Given what a reflection matrix does on a subspace, find the subspace - Can't solve I can't really solve this exercise I've been trying to solve for some time now.
It goes like that:
Matrix $R$ ($\in \mathbb R^{3\times3}$) is a reflection matrix, in relation to subspace $U$, $U=\text{span}\{u_1\}$, $\dim U=1$.
It is given that $R\left(\begin{array}{c}3\\ 3\\ 3\end{array}\right)= \left(\begin{array}{c}1\\ 1\\ 5\end{array}\right)$ . Find a basis of $U$.
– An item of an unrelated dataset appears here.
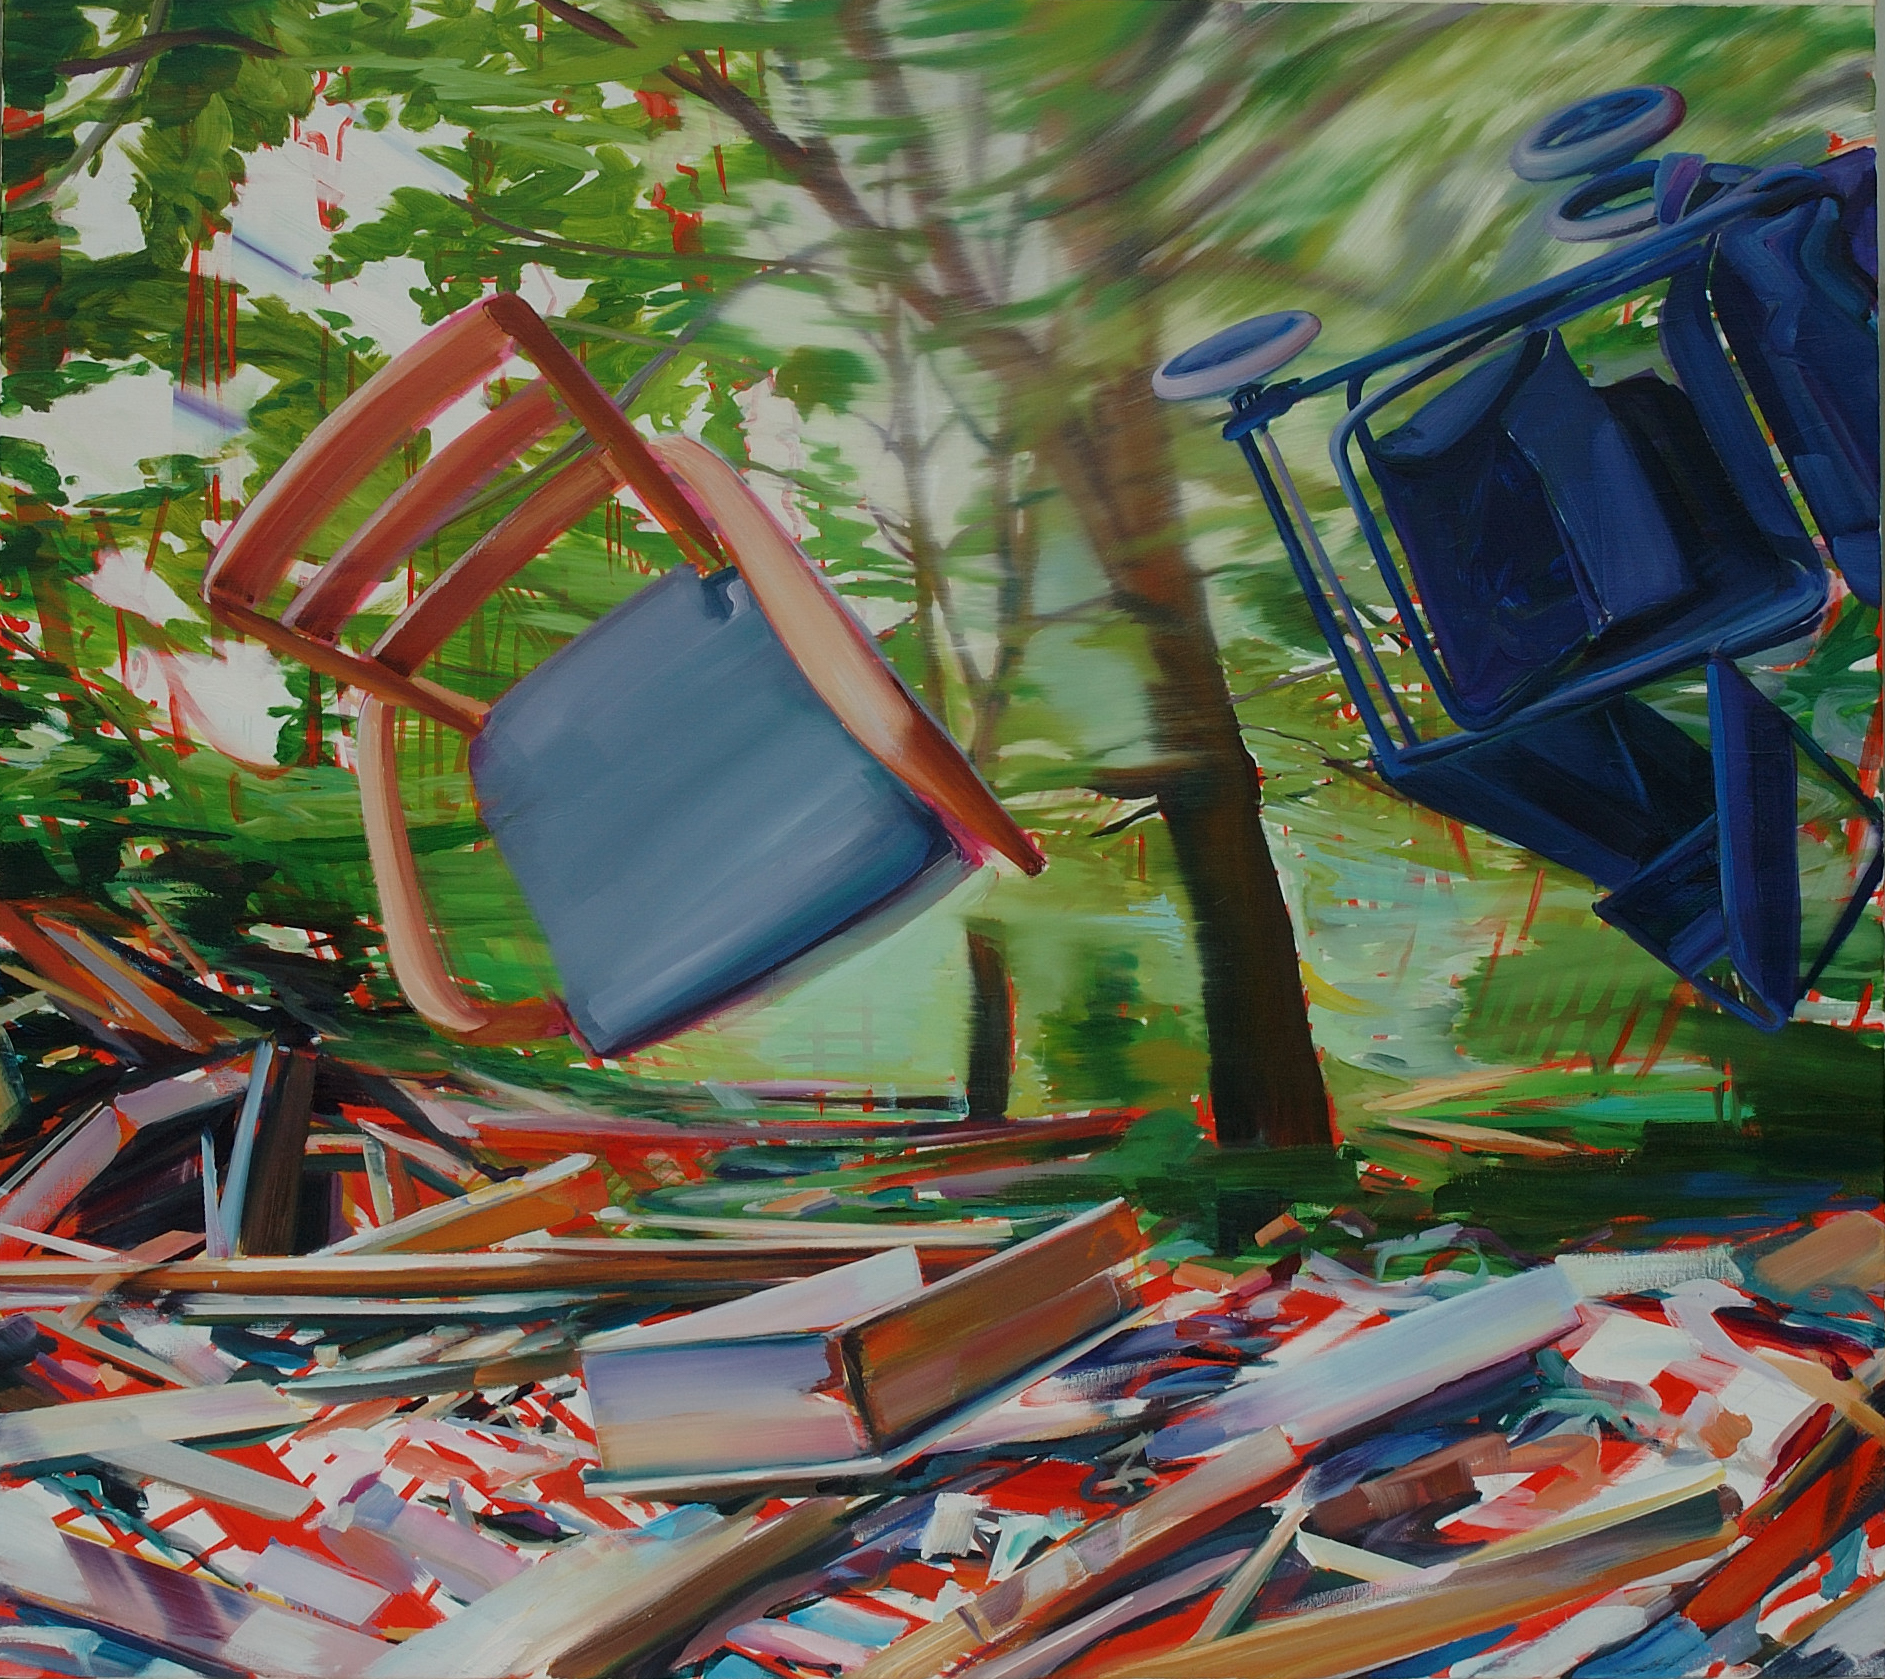   Mobile home , 2007, oil on canvas, 142.5 x 160cm. Maison Marin collection, France 
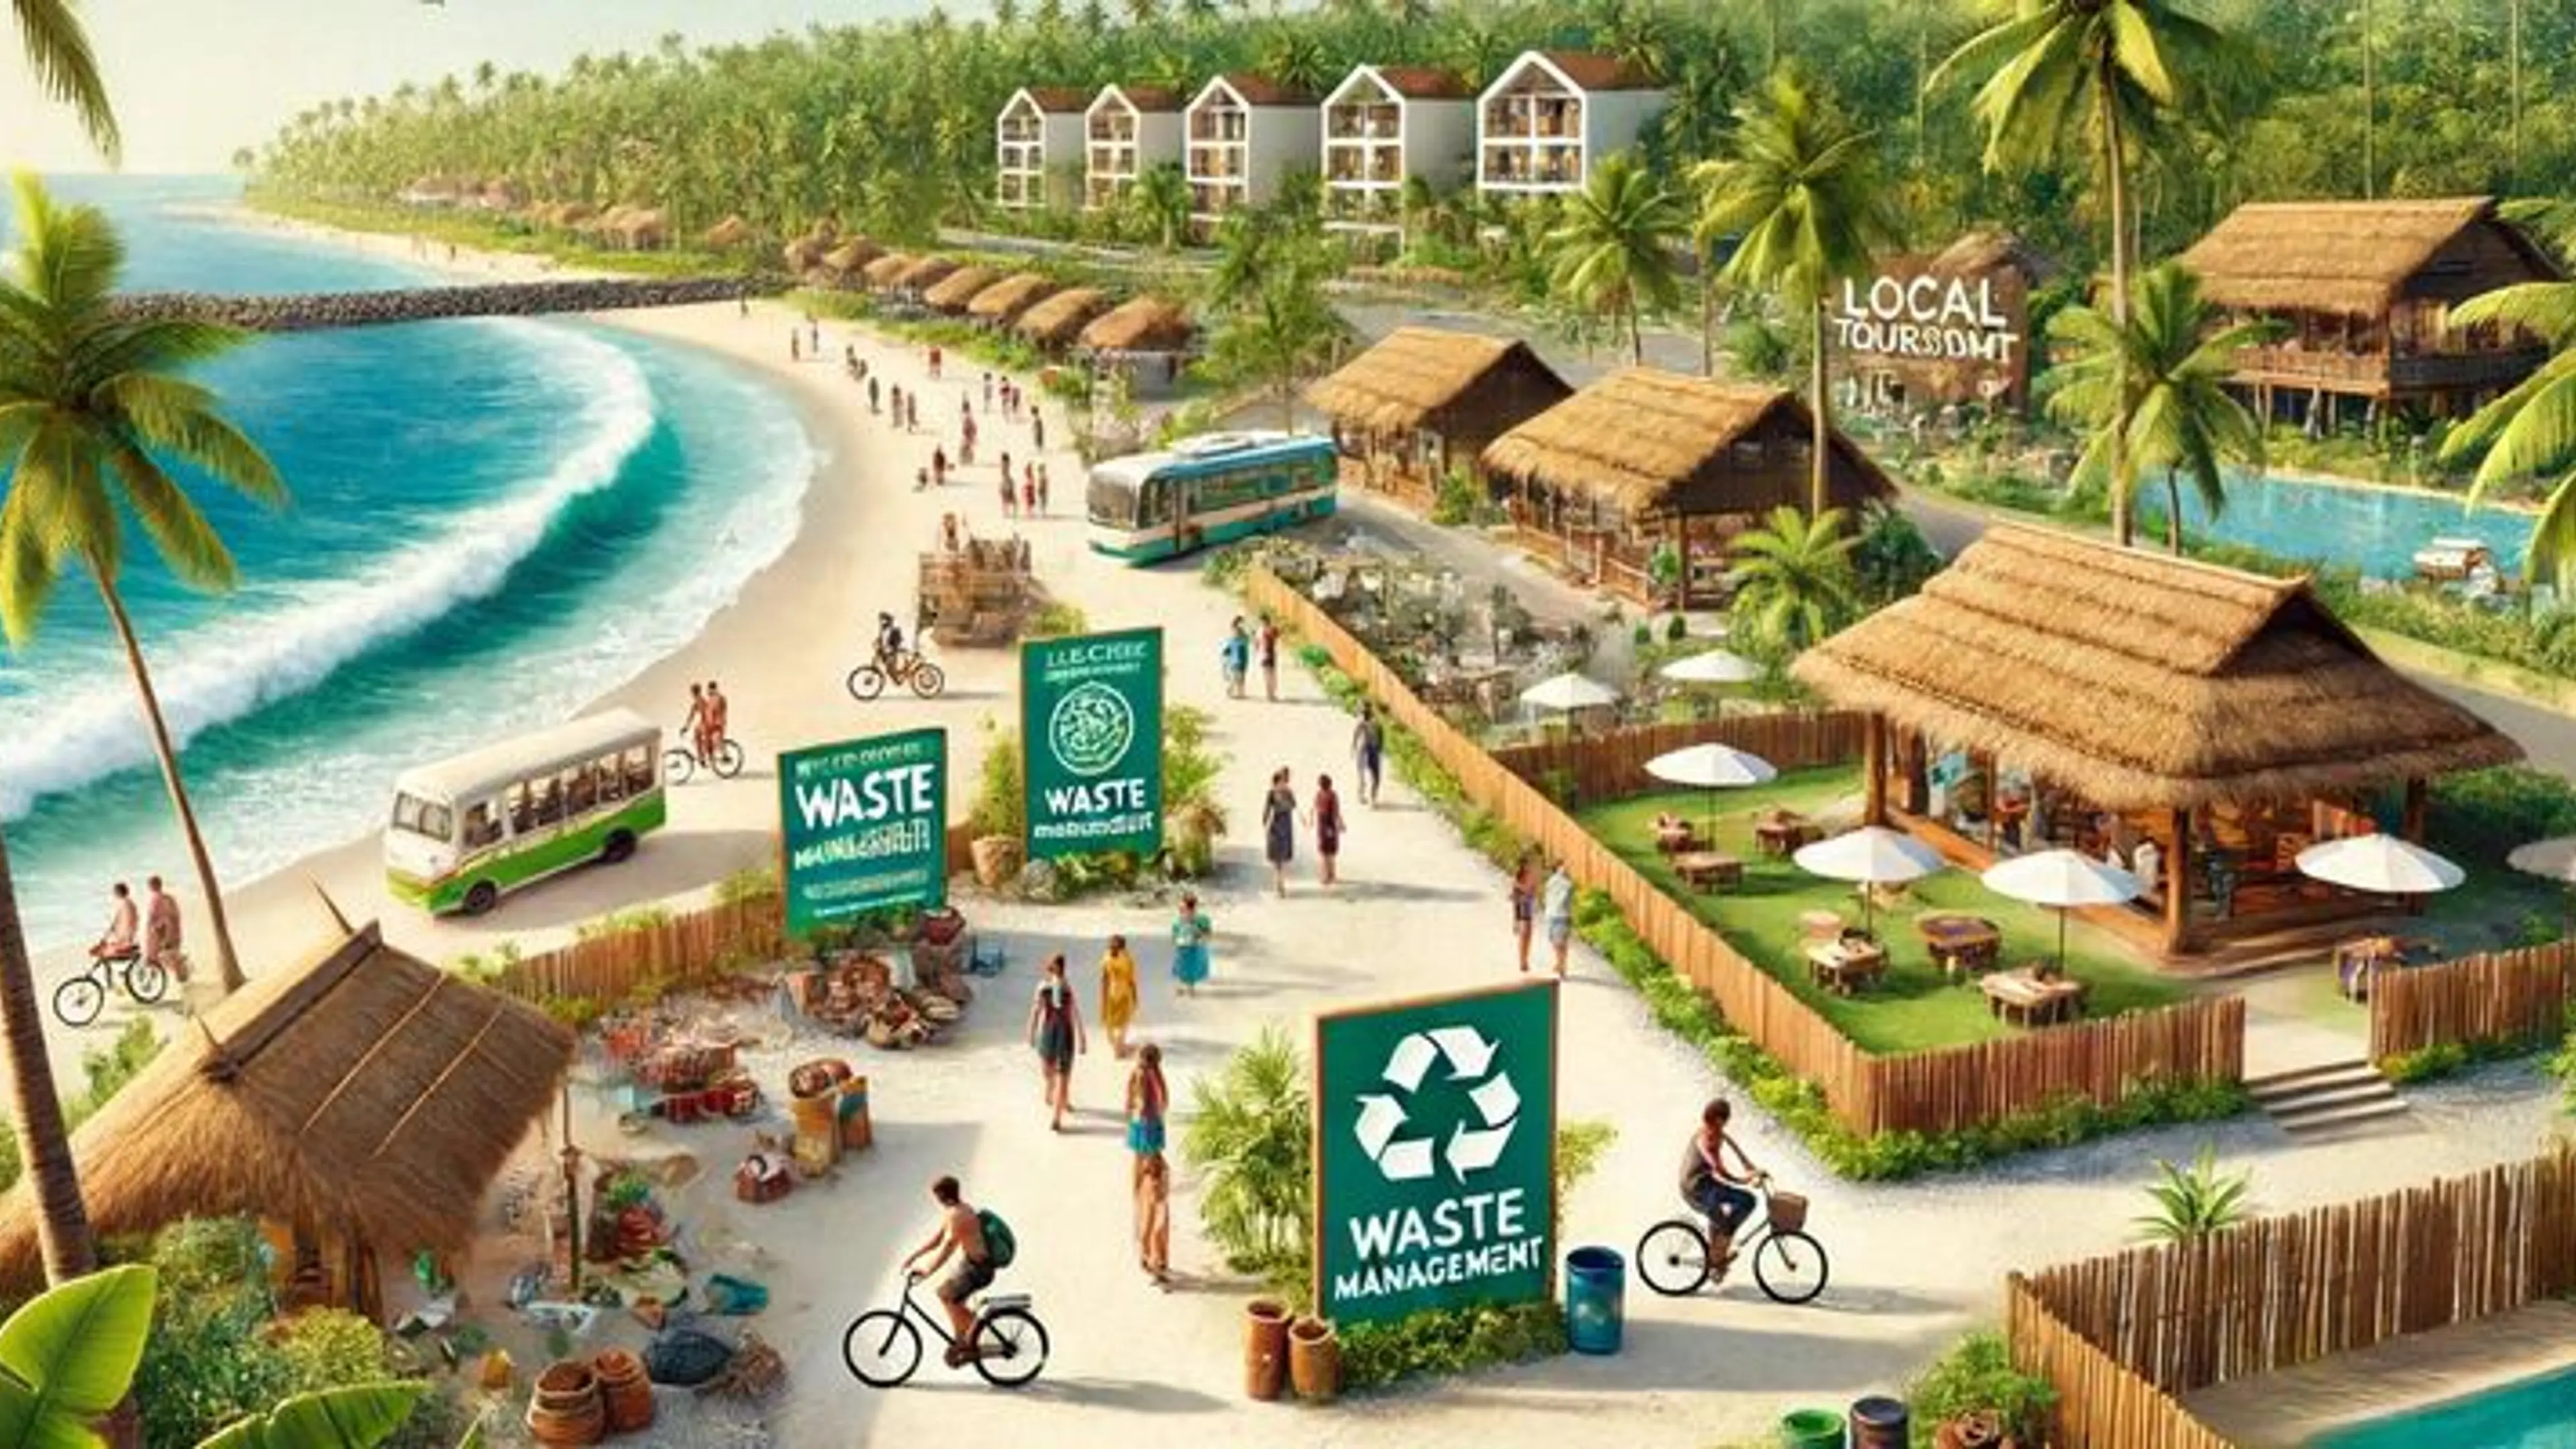 Goa: From Sunsets to Sustainability - How the Sunshine State is Going Green

So what I assumed is that I actually need to find $u_1$, and what I tried to do is to firstly find
$P$. I tried to do it as follows:
Projection matrix on a line $\text{span}\{u_1\}$  is given by $P=(uu^t)/(u^tu)$, then $R=2P-I$,
So instead of the equation that was given, I substituted $2P-I$ and found that 
$P\left(\begin{array}{c}3\\ 3\\ 3\end{array}\right)=\left(\begin{array}{c}2\\ 2\\ 4\end{array}\right)$. I can't really see a way to find $u_1$.. 
 A: Use the geometry of the situation. If we’re reflecting in a line ($\dim U=1$), then that line must be the angle bisector of $v$ and $Rv$: it’s coplanar with $v$ and $Rv$, orthogonal to $v-Rv$ and $v$ and $Rv$ have the same length. Hence, if $v\notin U$, then $U$ is spanned by $v+Rv$.  
We can also reason this way: Decompose $v=v_\parallel+v_\perp$ into components in $U$ and $U^\perp$. We then have $Rv=v_\parallel-v_\perp$ and so $v+Rv=2v_\parallel\in U$. But since $U$ is one-dimensional, if $v_\parallel\ne0$ then it spans $U$, and you’ve already computed such a vector.
A: I haven't checked your answer, but if what you already have is correct you are almost done:
$$
P\left(\begin{array}{c}3\\ 3\\ 3\end{array}\right) = \frac{uu^T}{u^Tu} \left(\begin{array}{c}3\\ 3\\ 3\end{array}\right)=\left(\begin{array}{c}2\\ 2\\ 4\end{array}\right) \implies  
\underbrace{\frac{u^T}{u^Tu} \left(\begin{array}{c}3\\ 3\\ 3\end{array}\right)}_{\text{scaler}} u =\left(\begin{array}{c}2\\ 2\\ 4\end{array}\right)
$$
That is you have found $u$ up to a scaler multiple.